Guideline-Based Recommendations

Diagnosis

  • Use simulation platforms to supplement traditional training for minimally invasive BPH procedures.

Management

  • Incorporate VR and high-fidelity simulators such as the VirtaMed platform for Rezum and UroLift training to improve procedural skills.
  • Utilize AI-driven performance metrics to provide objective feedback and enhance learning efficiency.

Monitoring & Follow-up

  • Assess trainee performance using simulator-generated scores including treatment success, procedure duration, and technical errors.
  • Evaluate simulator validity (face, content, construct) regularly to ensure educational effectiveness.

Risks

  • Limited case volumes and variable resident exposure may hinder skill acquisition without simulation support.
  • Lack of comprehensive validation studies for some simulators may affect training quality.

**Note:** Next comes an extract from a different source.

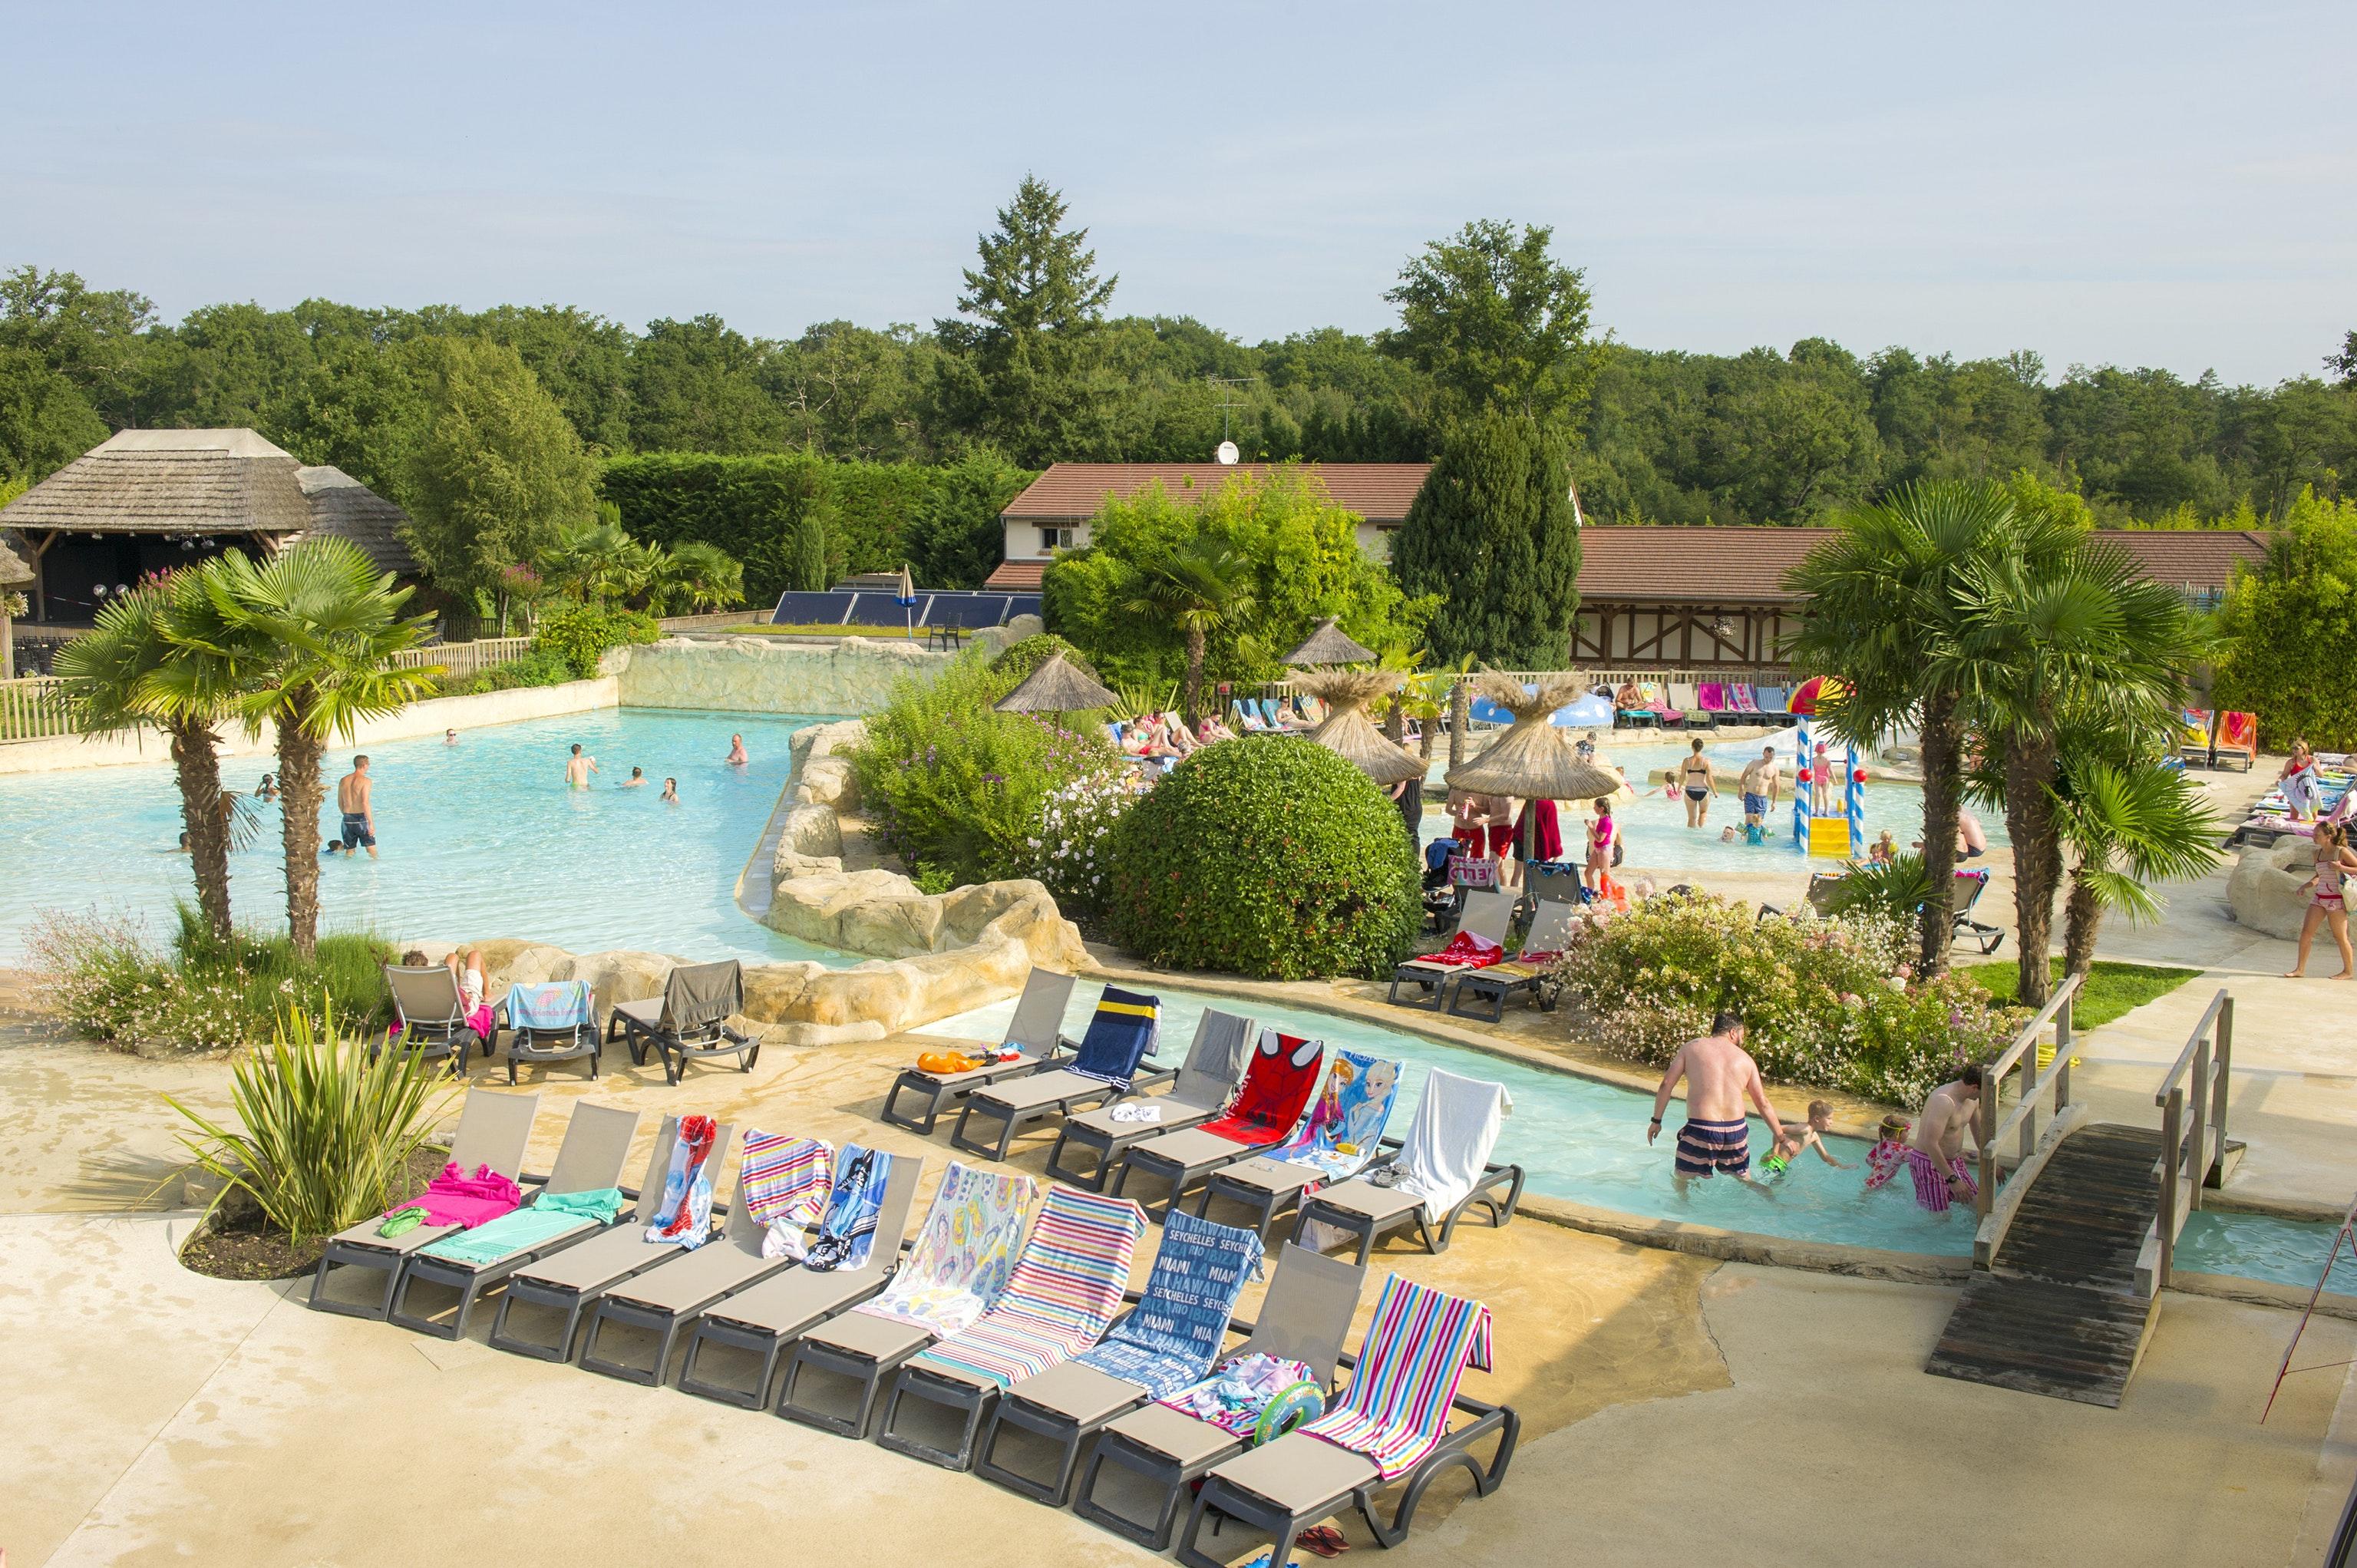 zwembad 3 alicourts

Patient & Prescribing Data

Patients with benign prostatic hyperplasia undergoing minimally invasive surgical therapies

Simulation-trained surgeons may achieve improved procedural competence and patient safety, potentially enhancing outcomes of Rezum and UroLift procedures.

Clinical Best Practices

  • Adopt simulation-based training early in urology residency to bridge theoretical knowledge and practical skills.
  • Use AI-integrated simulators to provide detailed, objective performance feedback.
  • Ensure simulators used have demonstrated face and content validity; pursue further research on construct validity.
  • Encourage repetitive practice on VR platforms to develop muscle memory essential for complex MIST procedures.